Top of THE DATA
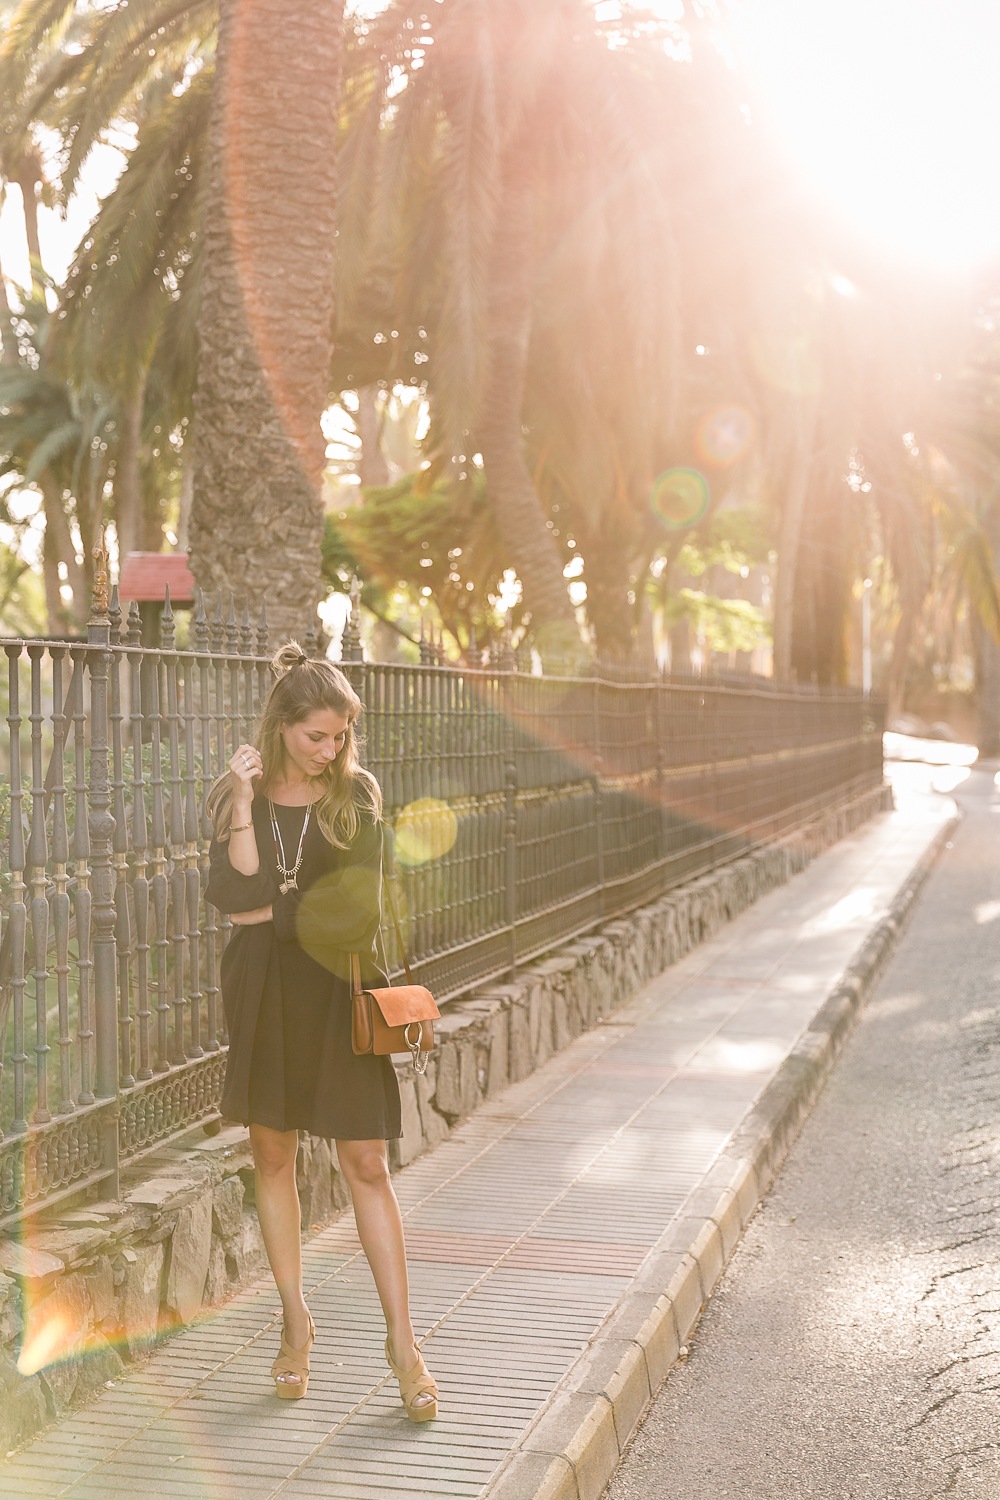 black dress summer outfit fashion blog platform sandals long necklace brown bag chloe chic style
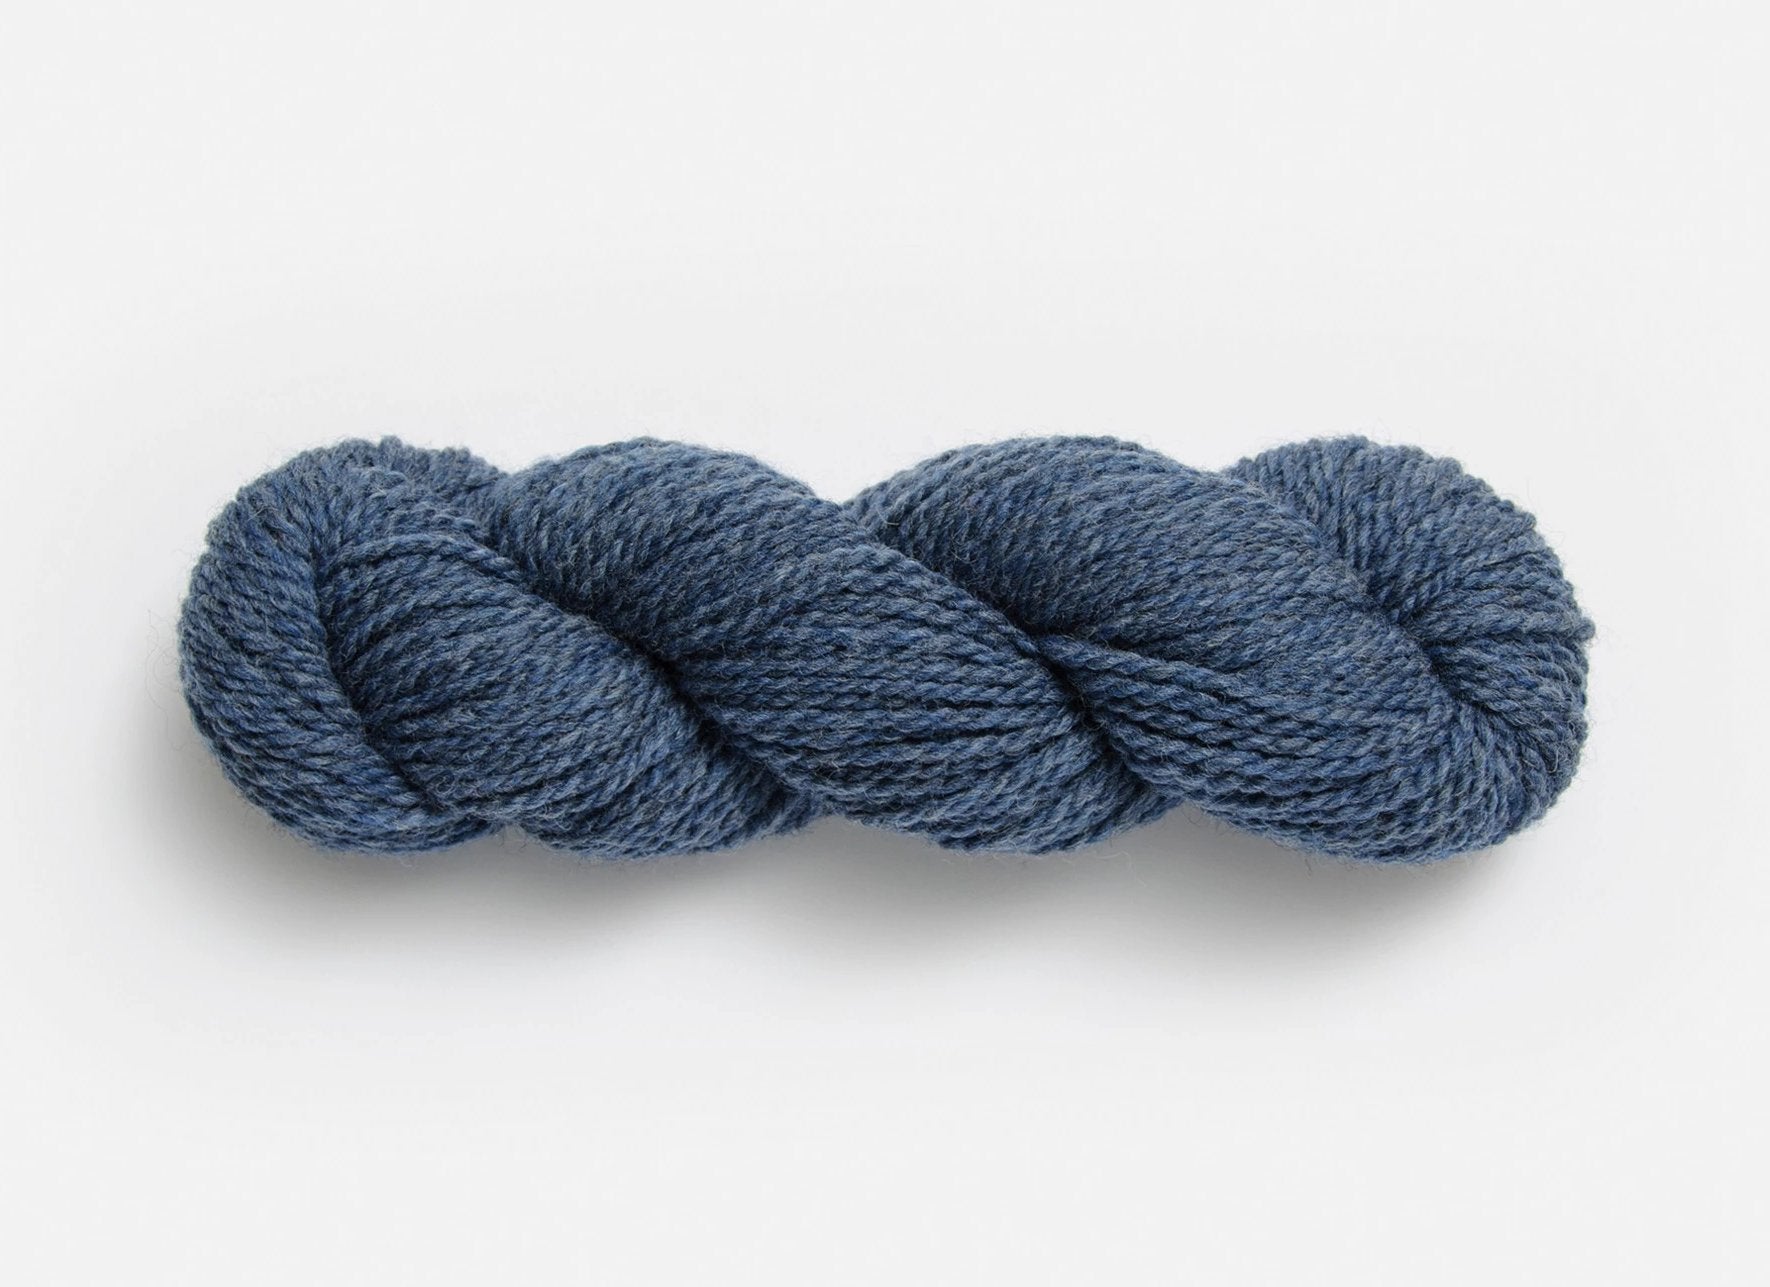 Blue Sky Fibers Woolstok Bundle Kits at Fabulous Yarn
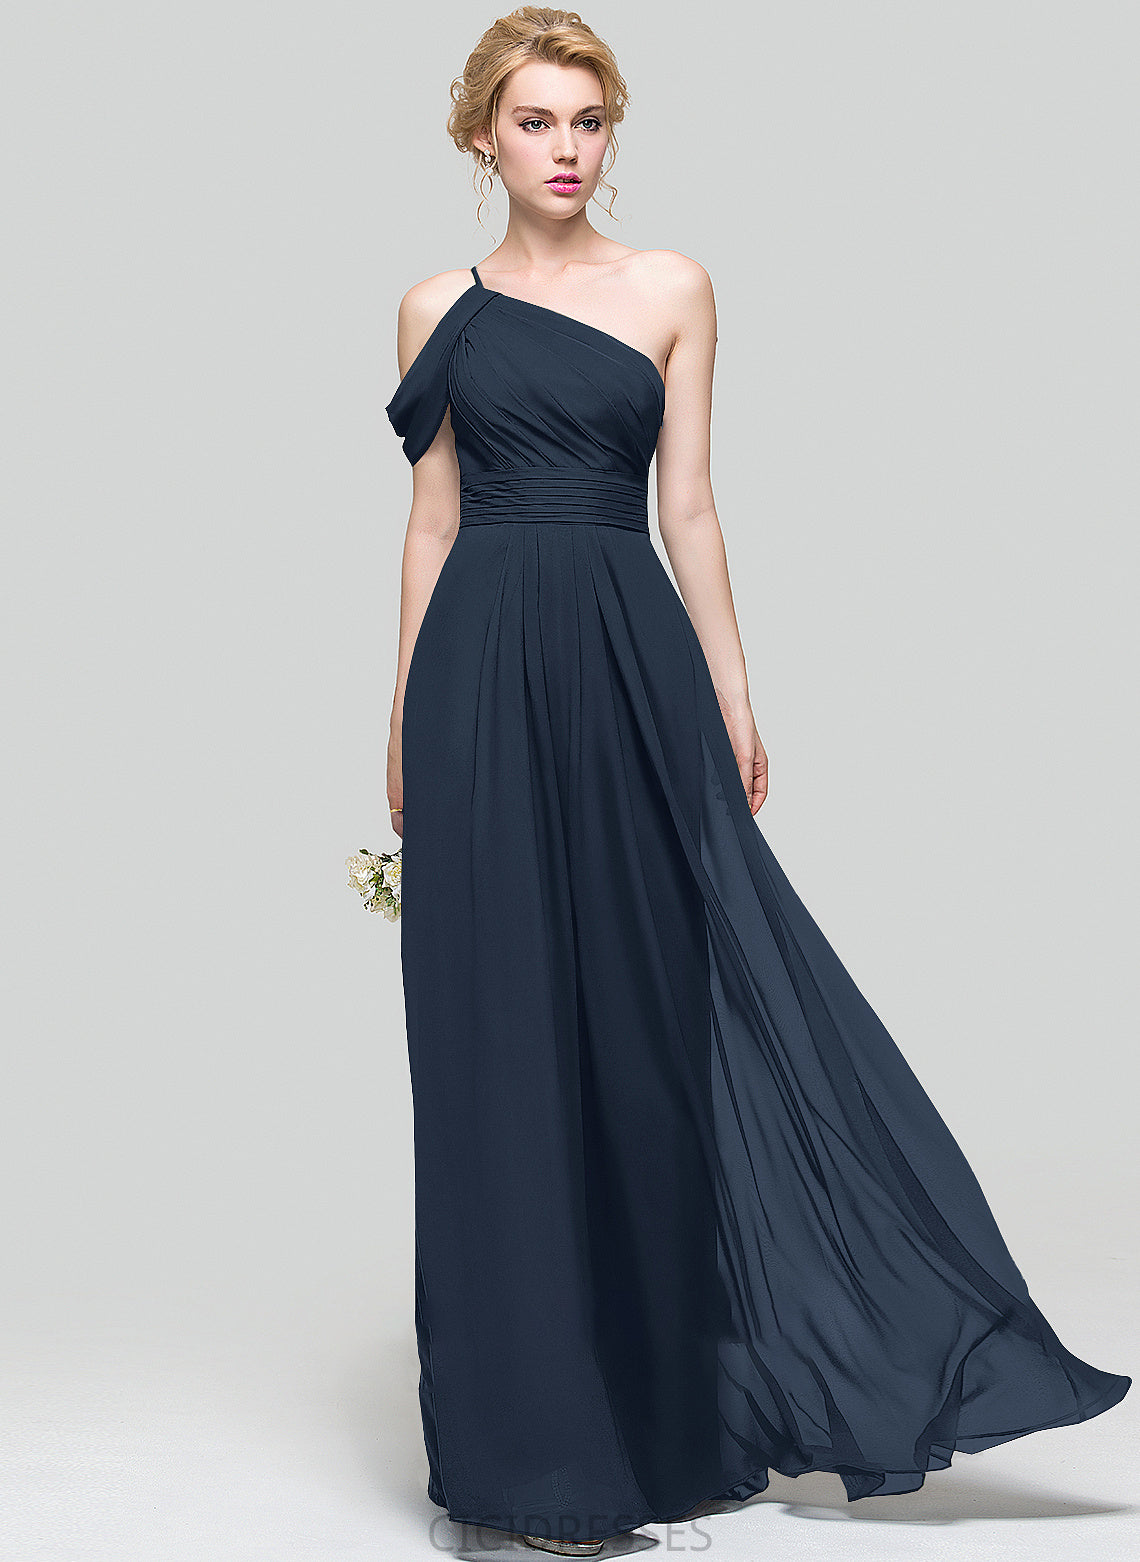 Embellishment Silhouette Length A-Line Neckline One-Shoulder Floor-Length Ruffle Fabric Erica Floor Length Sleeveless Bridesmaid Dresses
Bottom of THE DATA
→ **EXERCISE AIM**
Find the line containing "Blue Sky Fibers" in the listing above. Please restate word for word that line through the last one, leaving out the pictures.

→ **EXERCISE RESULT**
 Blue Sky Fibers Woolstok Bundle Kits at Fabulous Yarn
 Embellishment Silhouette Length A-Line Neckline One-Shoulder Floor-Length Ruffle Fabric Erica Floor Length Sleeveless Bridesmaid Dresses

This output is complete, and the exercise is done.